No Missile Shield Could Prevent This

With smoke still billowing like a funeral pyre from the

ruins of the World Trade

Center, cries could be heard for

vengeance against an unseen and unknown enemy who left no return address.

Hunting down and punishing the “folks” who did these things will test the

nation’s patience, although it is far more important to be careful than to be

quick. The thousands of innocent dead deserve justice, which tempers rage with

reason. Should reliable information emerge proving the culpability of Osama

bin-Laden and his protectors in the Taliban, the United

States is fully capable of dealing with

them.

In the days to come, we will hear much speculation about who

is to blame for this atrocity, and fingers are likely to be pointed not only

abroad but at home. The airwaves may soon be filled with torrents of nonsense

rhetoric from politicians attributing fault to their partisan adversaries,

speaking as if they knew how such an attack could have been prevented. They

didn’t, and they don’t.

For the moment-and probably for some weeks

to come-the appropriate attitude for citizens is to support the efforts of

government officials at all levels to cope with the bloody consequences.

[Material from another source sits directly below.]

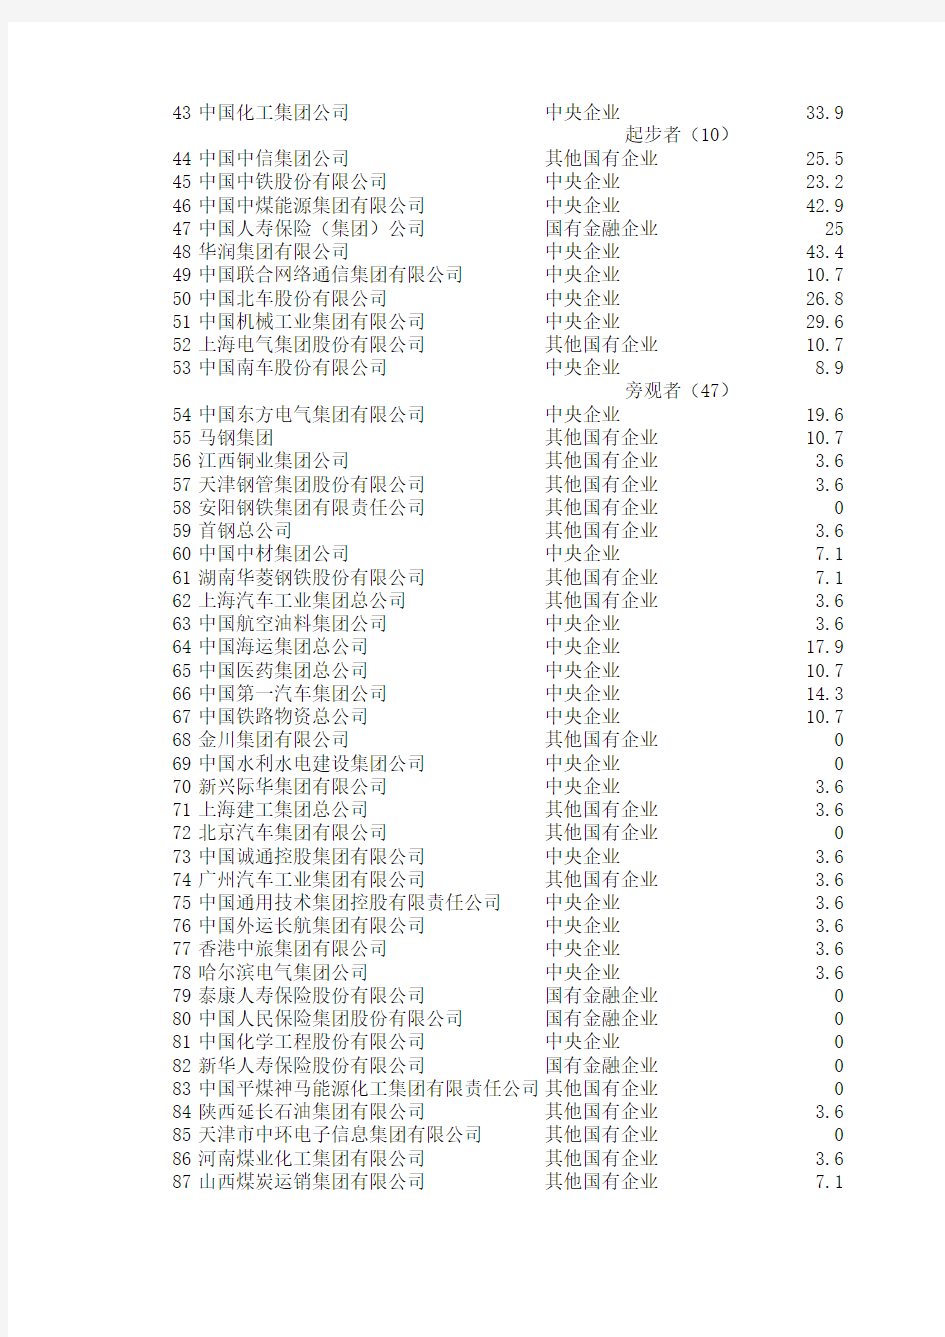 中国国有企业100强系列企业社会责任发展指数(2011)

If past American responses to acts of terrorism and war are any guide, the

President can expect an upsurge of patriotic support; let us hope he uses that

enhanced authority wisely.

Wisdom, in the wake of a

momentous disaster, means the questioning of prior assumptions, prejudices and

policies. Clearly, we will have to find ways to enhance the security of our

society that don’t destroy the liberty we seek to defend. But there are other

issues to be considered. For George W. Bush and his administration, the ideas

and initiatives that must now be reconsidered can be described as

unilateralism. The notion of the United States as an impregnable fortress, with little need for

treaties and allies, has become outdated again in a single day.

The most conspicuous

symbol of unilateralism is the missile shield, or national missile defense,

whose irrelevance to the present international realities has suddenly been

revealed amid blood and fire. The so-called shield is, as one critic has said,

“a weapon that won’t work against a threat that doesn’t exist.” What happened

on Sept. 11 demonstrated irrefutably that any enemy determined to inflict mass

destruction upon America can do so without ballistic missiles. To insist

on that proposal-at a projected cost of $100 billion-would be to waste time,

money and scientific talent, when all those resources would be better spent on

effective domestic and international security measures.

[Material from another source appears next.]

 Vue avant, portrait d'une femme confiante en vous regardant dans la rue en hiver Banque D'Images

The apparent capacity of terrorists to penetrate our

airports and airspace forces us to think about the unthinkable. If an enemy can

bring down the World Trade

Center and destroy a substantial

part of the Pentagon, why would we assume that they could not someday drop a

nuclear device on the doorstep of the White House? Attack by such low-tech

means, instead of a high-tech rocket, would elude the missile shield. The only

plausible defense against terrorist use of atomic weapons is to secure nuclear

materials around the globe from those who might misuse them.

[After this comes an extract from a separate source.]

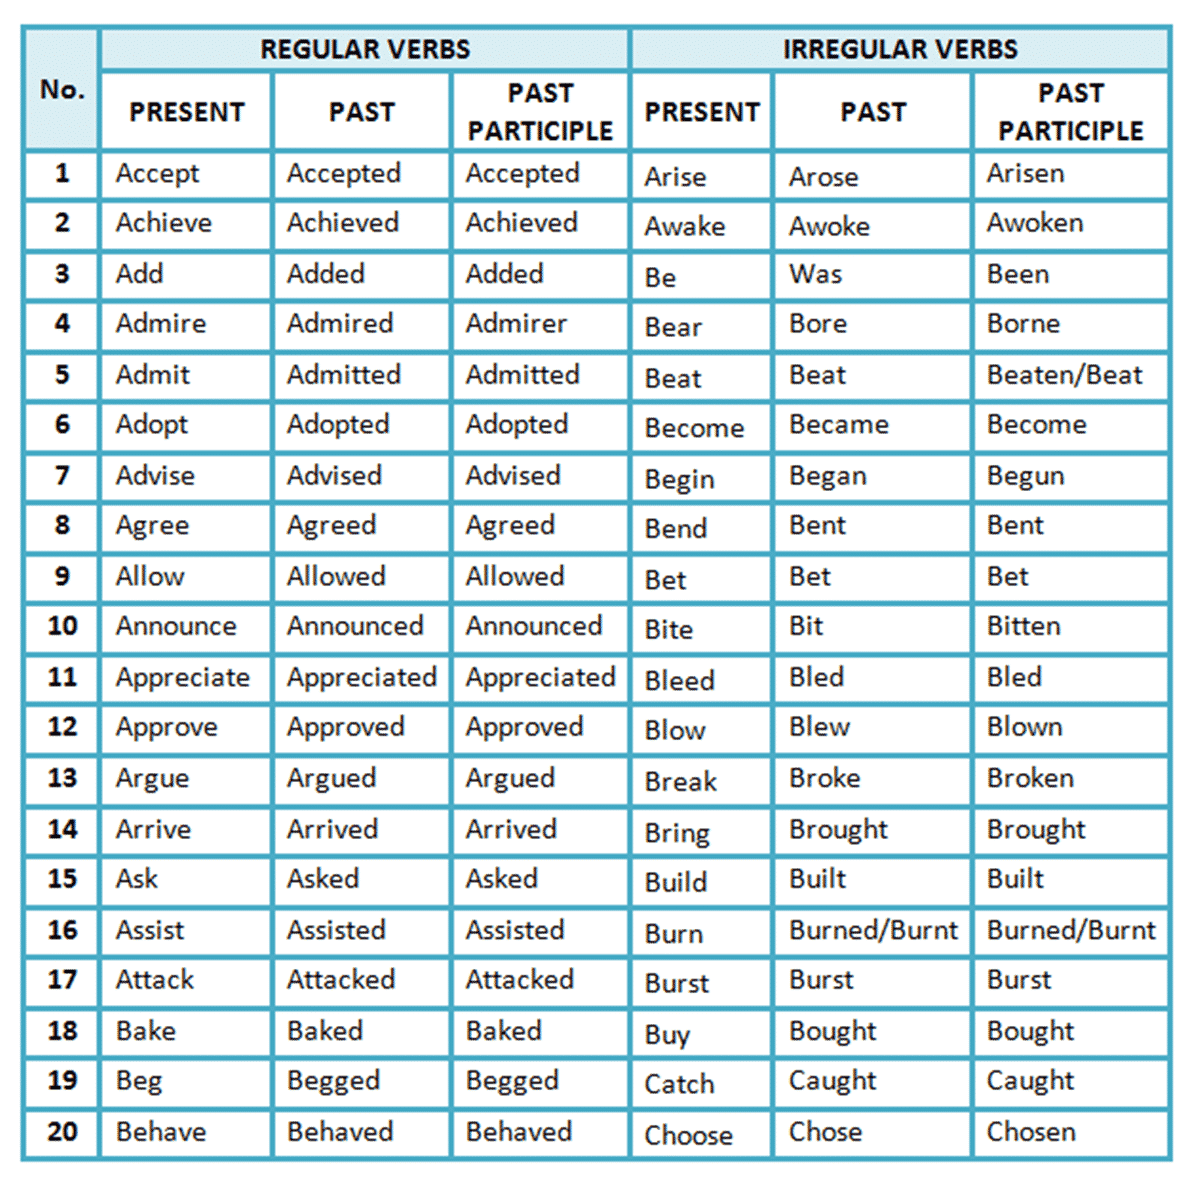 principal-parts-of-verbs-chart

Yet so far, the Bush administration has shown little

interest in the programs created for that purpose, notably in the former Soviet

Union. Federal officials ignored recommendations by a bipartisan

panel to sharply increase funding of those efforts, and even considered cutting

them. For a tiny fraction of the price of the useless missile shield, the

unguarded weapons and fissionable elements in Russia

could be removed from danger.

Unfortunately, international cooperation has not been the

outstanding characteristic of foreign policy in this administration or among

its supporters in Congress, to say the least. Their contrarian viewpoint has

been expressed in contempt for American obligations under the Anti-Ballistic

Missile Treaty, as well as for the Comprehensive Test Ban Treaty that was so

carefully designed to prevent the spread of nuclear weapons. Treaties and

alliances, they appear to believe, are for weaklings and dreamers, when in fact

such agreements are essential to our own future security. Preventing

proliferation ought to be the paramount objective of American policy, and anything that destabilizes or deflects that aim

must be avoided.

If we are really determined to safeguard our cities and

citizenry, maintenance of our overseas alliances is the strongest shield. A

jetliner could just as easily be hijacked from a foreign airport, and then

flown into an American target, as from Logan or Dulles. Rather than aggravating

our differences with allies in Europe and elsewhere, the

administration should consider ways to strengthen those ties. Many of those

nations have considerably more experience with terror on their soil than we do;

their assistance in combating what may become a continuing assault is vital.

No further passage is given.